A foundation of collaboration

Fox is accustomed to taking matters into her own hands. Example no. 1: she spent her honeymoon (yes, her honeymoon) visiting stakeholders and public lands involved in a couple of Guardians projects in Idaho. Example no. 2: she applied for Guardians’ staff attorney position equipped with five cases she was already prepared to file for the organization.

At the same time, Fox is more than willing to join forces with others—something that is part and parcel of nearly all her litigation. Though “corralling all the different voices” of various groups can sometimes present a challenge, Fox enjoys working collaboratively. “When you have a whole coalition of groups with varied interests—some that are very focused on super-local impacts, and others that are national groups focused on broader issues—it tells a much better story to the court.

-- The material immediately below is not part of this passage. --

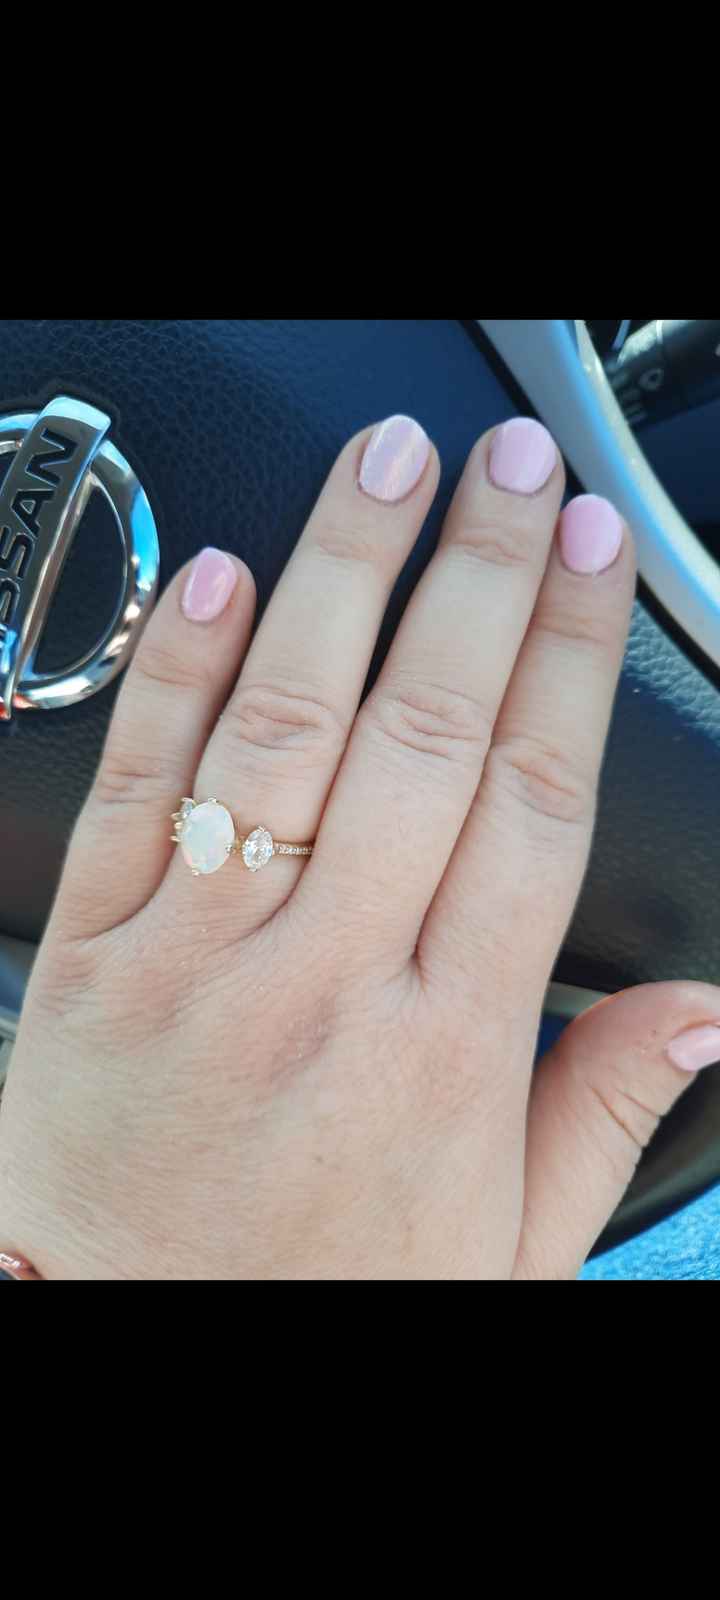 Share your engagement ring and wedding stacks! - 1
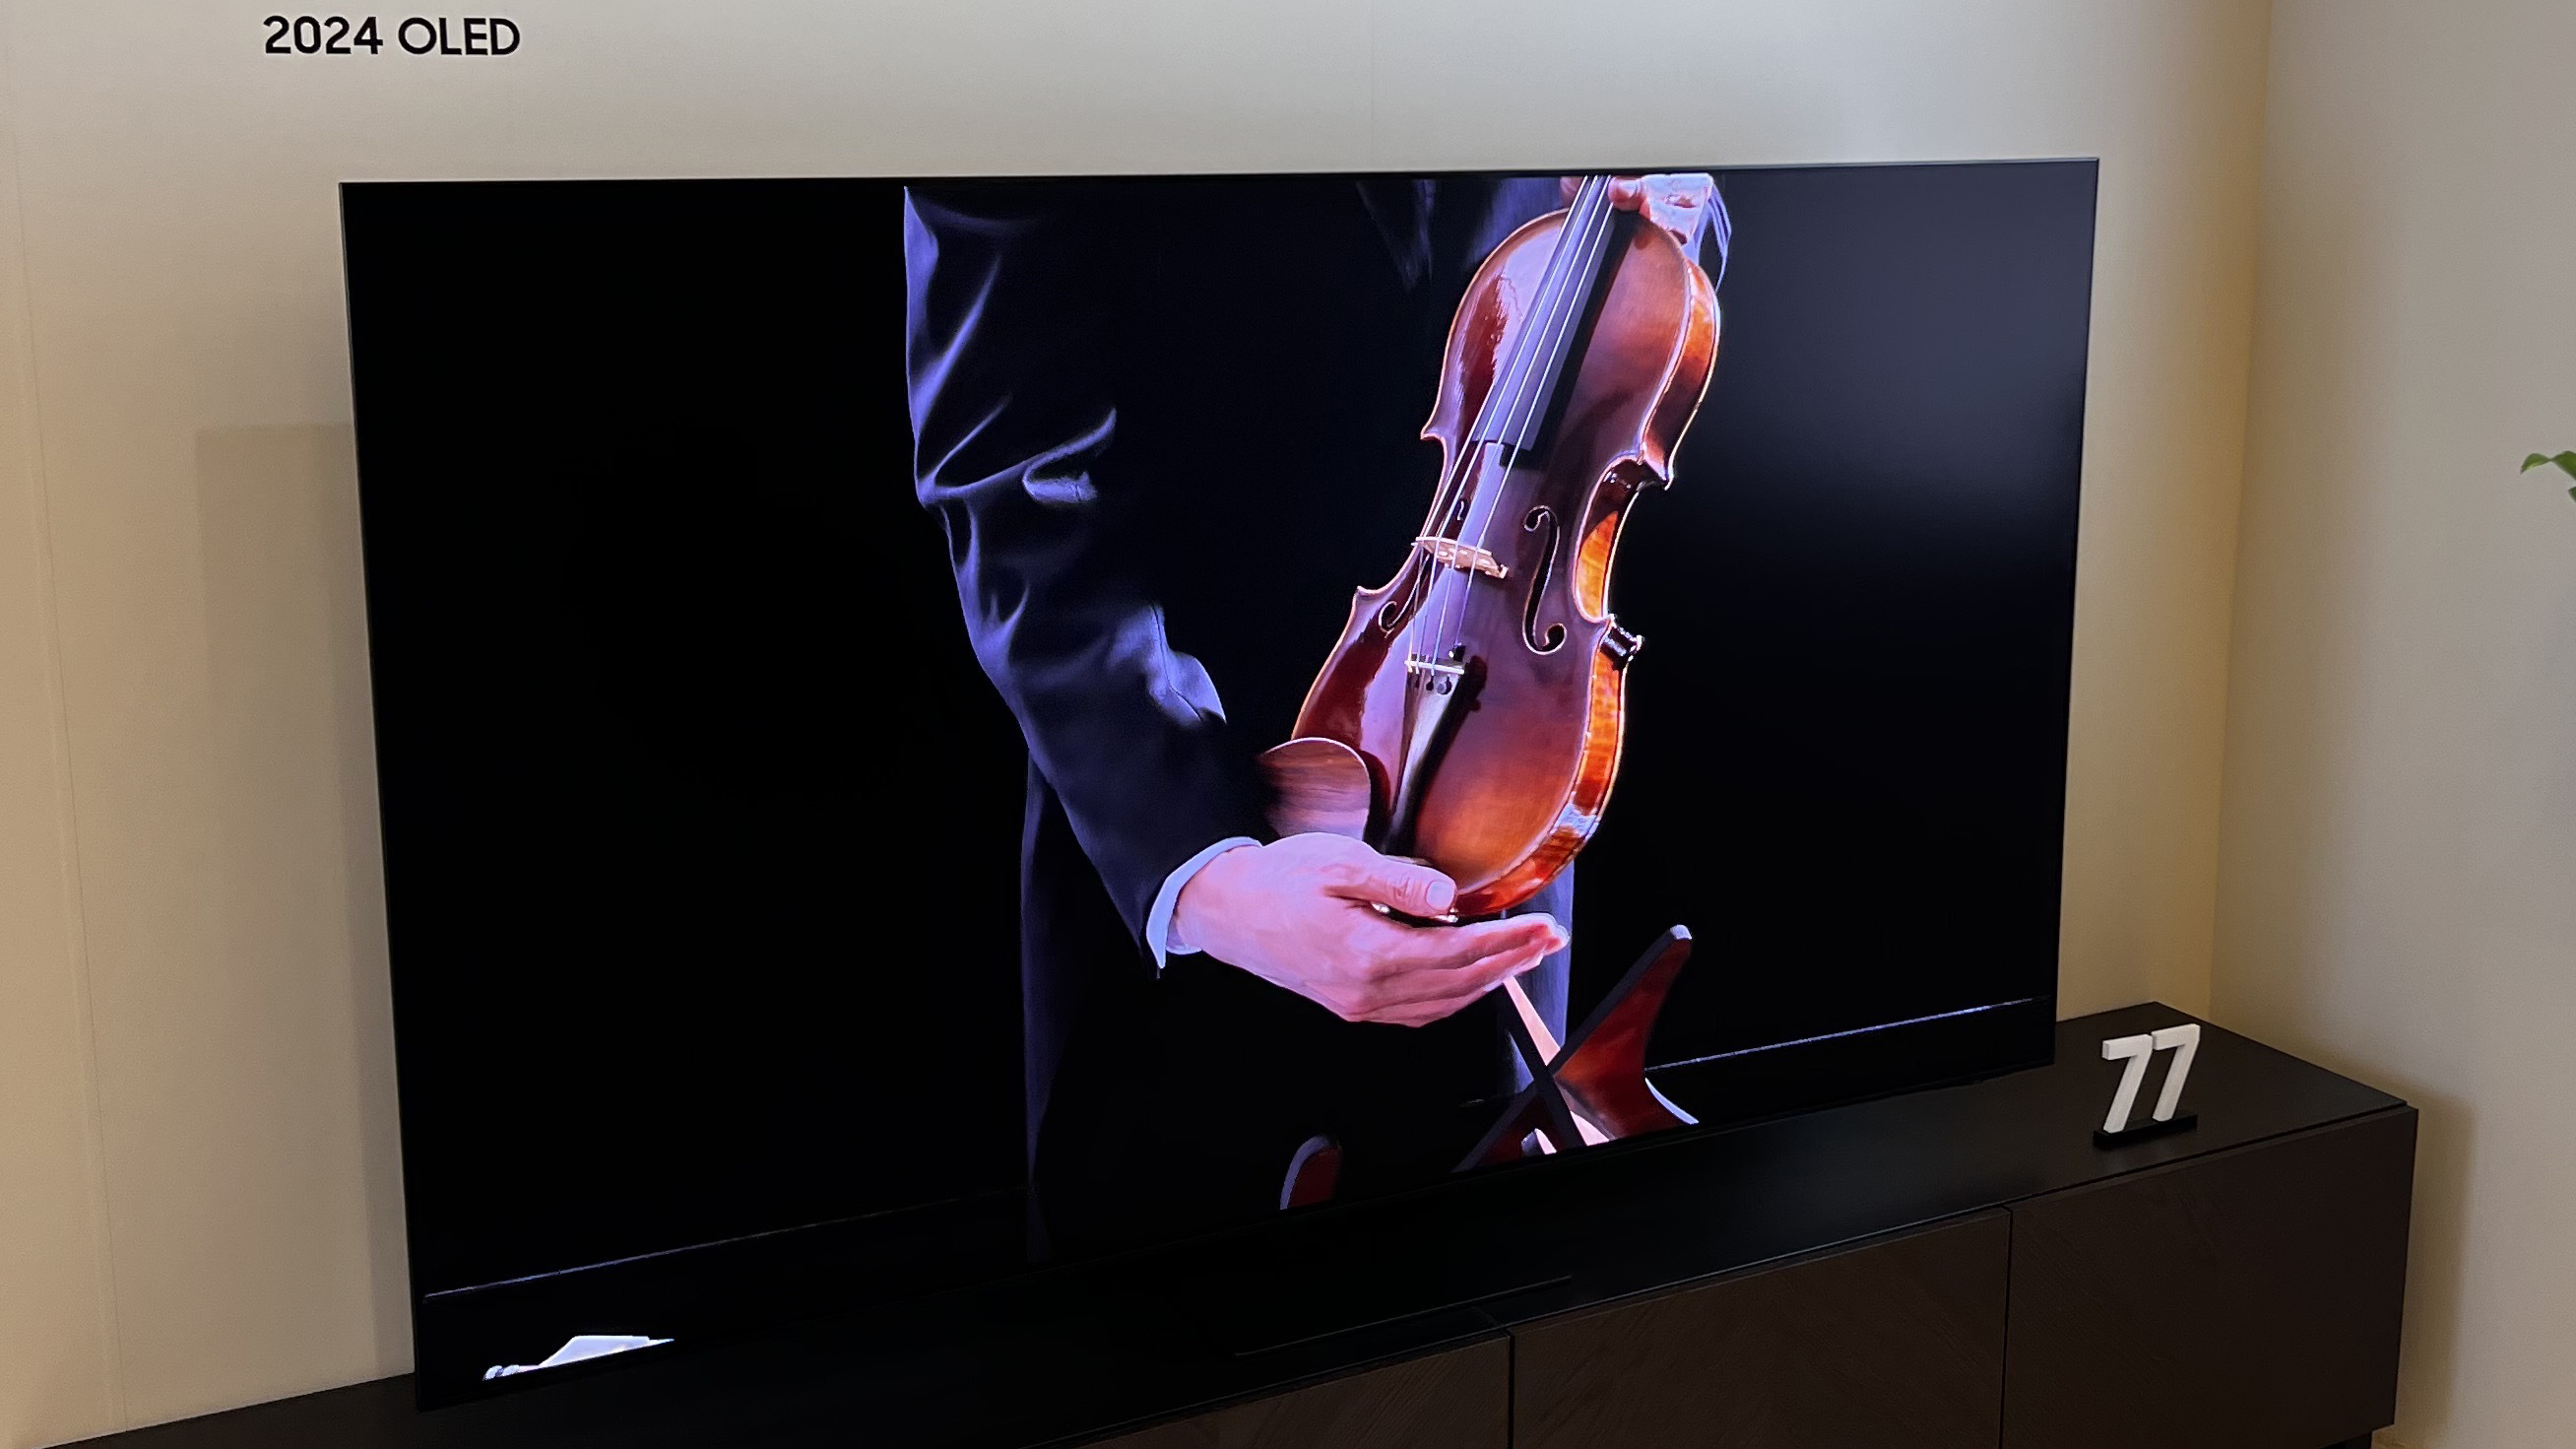 The Samsung S95D at CES 2024 displaying a person holding a violin.

And it makes for stronger cases in the long run,” she says.

Her lawsuit on the Rico-West Dolores area of Colorado’s San Juan National Forest features one such diverse coalition: environmental organizations, hunters, quiet recreationalists, a hot springs resort, and the owner of a backcountry lodge all banding together to protest motorized use that was driving out elk and decimating alpine terrain (the case, which has been fully briefed for a whopping three years, still awaits judgment).

Working alongside those with different backgrounds and perspectives offers Fox a deeper understanding of the issues at hand. “What I love in talking to people who are ‘boots on the ground’ is that they can give you those details that are compelling, that I could never get from sitting in front of the computer,” she says. “It’s extremely valuable, and it is also a reminder that the work is having an impact not just on land and wildlife, but also on people.”

WildEarth Guardians staff attorney Marla Fox is a force for nature.

Ramming it home

Fox’s next venture, if successful, looks to have a resounding impact on people, forests, and vulnerable species. Along with several other environmental groups, Guardians recently challenged the Forest Service’s Black Ram Project on northwest Montana’s Kootenai National Forest. The project would clearcut thousands of acres of old-growth forest in the Yaak Valley, home to an imperiled population of grizzly bears. To add insult to injury, the Forest Service authorized the project just weeks after the Biden administration proclaimed that “strengthening America’s forests, which are home to cherished expanses of mature and old-growth forests on Federal lands, is critical to the health, prosperity, and resilience of our communities.”

It’s a sentiment the Forest Service, as a government agency, ought to take to heart. And when it does not, we can rely on Fox, armed with her trademark blend of positivity and “Minnesota nice,” to remind it of its duty to protect our national forests.